If the person encouraging you to invest in cryptocurrency continues to pressure you, hang up the phone, close the browser or block their account on social media.

Talking about the interaction with a partner or friend could help you make sense of what happened and put your mind at ease.

Legitimate cryptocurrency platforms are unlikely to approach potential investors directly, so be wary of cold calls or unsolicited messages on social media.

For every overnight millionaire, there will be many people who have walked away with less than they put in

If it sounds too good to be true, it usually is

Scammers may talk about the highs without warning you of the lows.

They might share overnight success stories from people who bought a few coins and quickly became millionaires but they’re unlikely to tell you the horror stories of people who invested their life savings only to lose everything.

If it sounds too good to be true, it usually is.

For every overnight millionaire, there will be many people who have walked away with less than they put in.

Have a solid safety net

Make sure you have a solid emergency fund before buying any cryptocurrencies.

If your cryptocurrencies were to fall in value and you needed the money, a lack of savings could cause financial uncertainty and stress.

A three-to-six-month emergency fund can be a great starting point, but you might want to save more than this - particularly if you have kids, an unpredictable income or you work in an industry that’s been heavily affected by the pandemic.

Make cryptocurrency a very small part of your investment portfolio

If you’re a crypto newbie, it may be wise to focus on more traditional investments and spend just 1-5% of your designated investing money on crypto.
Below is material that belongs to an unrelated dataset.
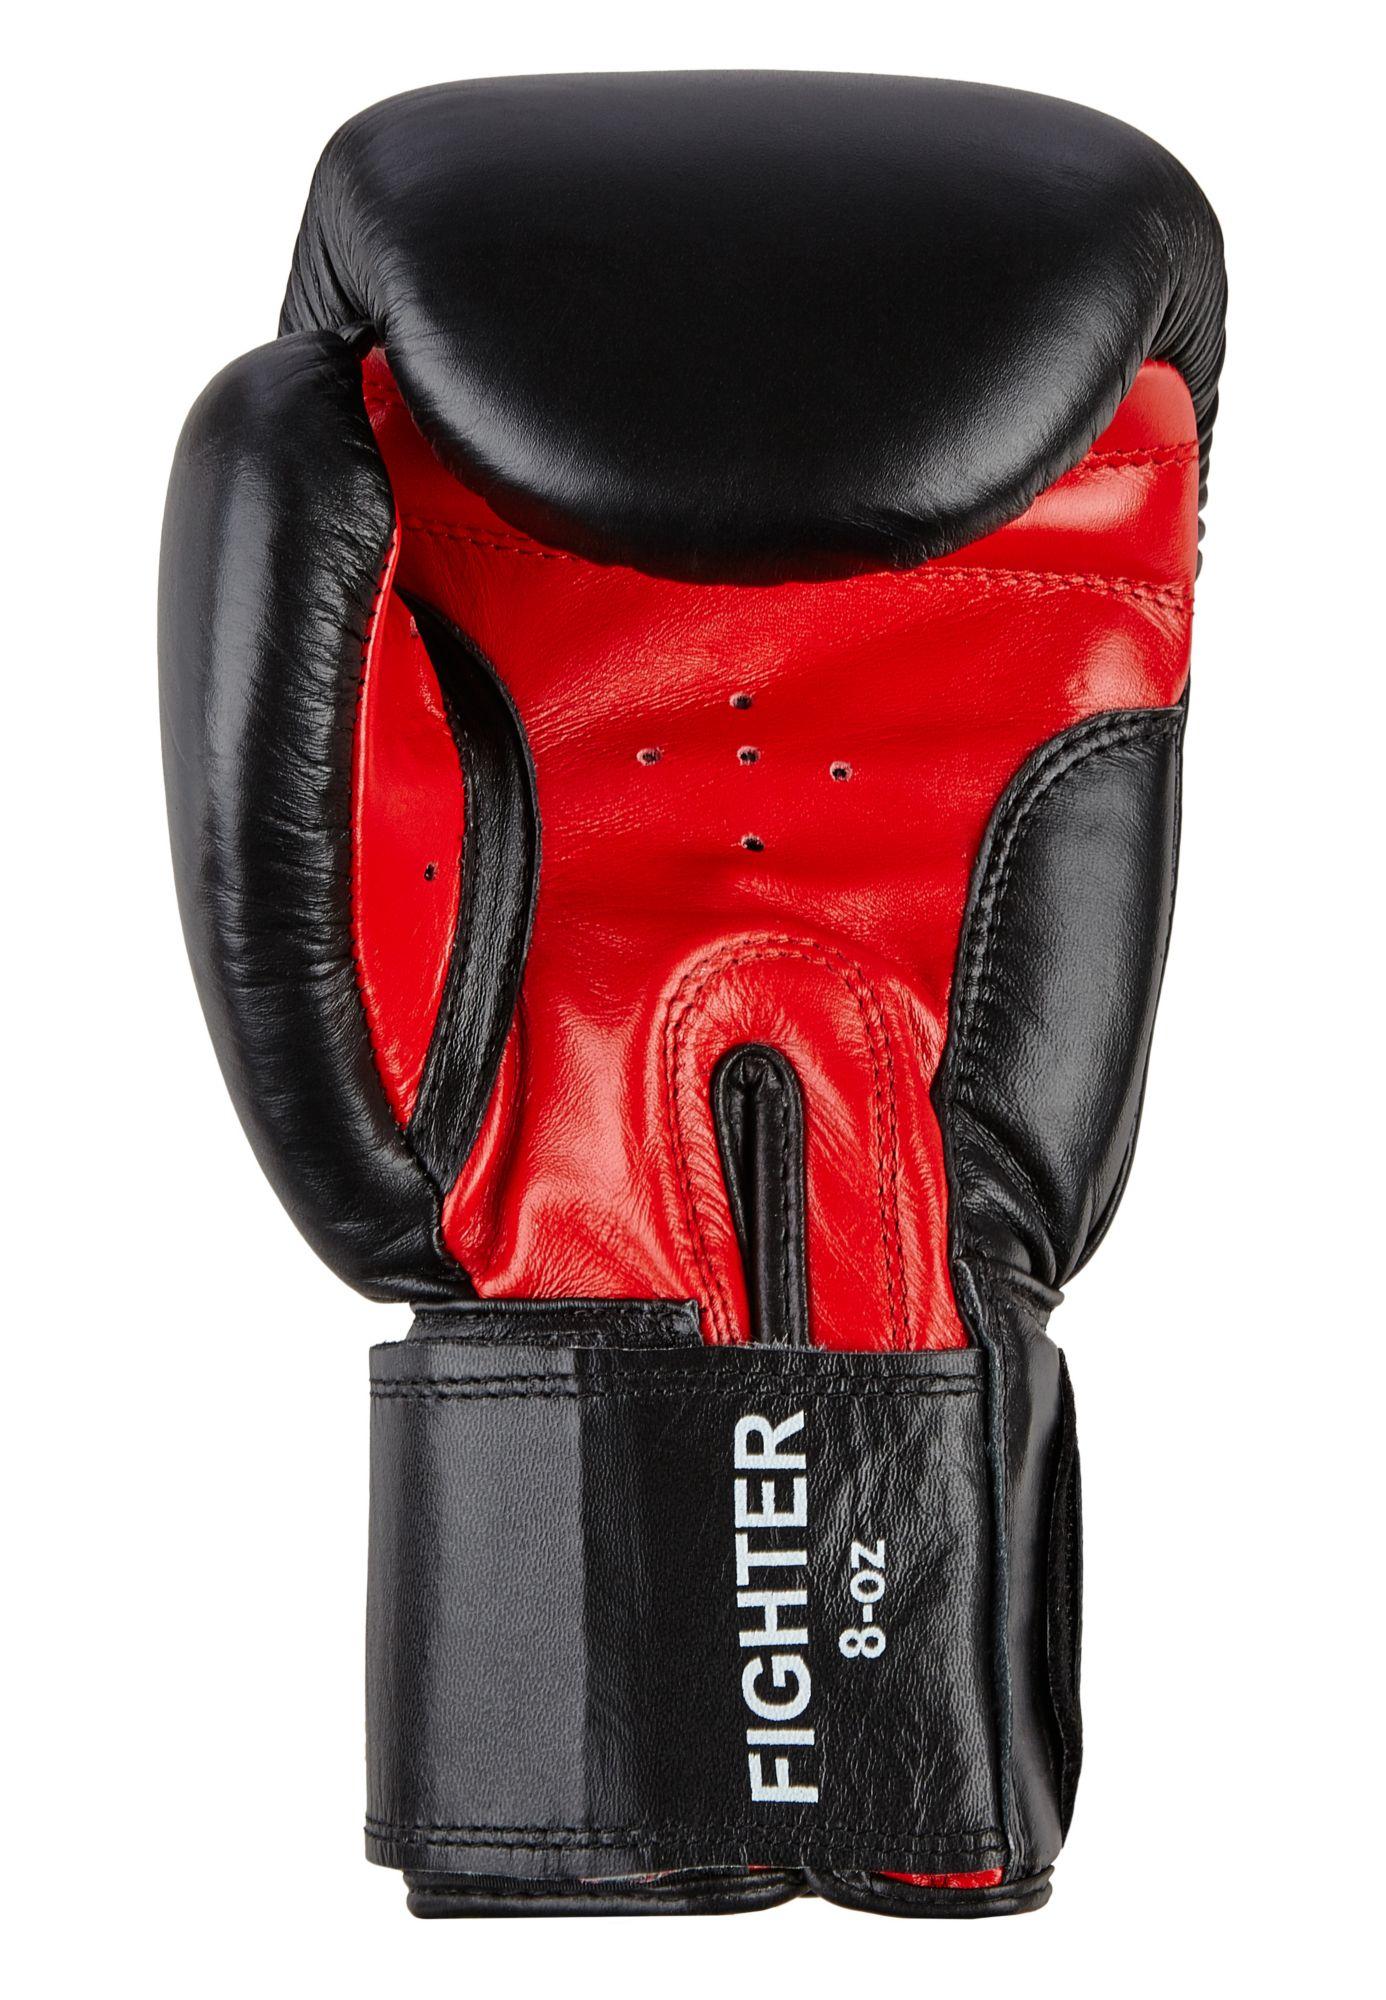 BENLEE ROCKY MARCIANO Benlee Rocky Marciano Boxhandschuhe »FIGHTER«

By approaching it with caution and spreading your money across several investments, you can dip your toes in the water without taking on too much risk while you’re still learning.

For some people, investing in the stock market by purchasing index funds and exchange-traded funds (ETFs) is likely to be a much safer alternative.

Seek professional advice

If you’re wondering whether cryptocurrency is a good investment and you’d like to learn about the alternatives, get independent advice from a financial adviser. They’ll look at your financial situation, your goals and your attitude to risk before helping you decide which investments are right for you.

The information in this article is not to be taken as financial advice. Before making any financial decisions always do your research or speak to a financial adviser.

3 things to do
right now

1

Seek financial advice before making large investments – If you’re planning on investing a large amount of money in a certain asset, it’s wise to seek independent financial advice first.

2

Save an emergency fund – An emergency fund can make you a better investor. You’ll protect yourself from financial uncertainty, reduce the likelihood of panic-selling at a loss and make it easier to grow your investments over the long term.

3

Be wary of those who approach you on social media – Whether you receive cold calls over the phone or messages from someone on social media promising you a ‘great investment opportunity’, take their advice with a pinch of salt. Scams are rife in this industry.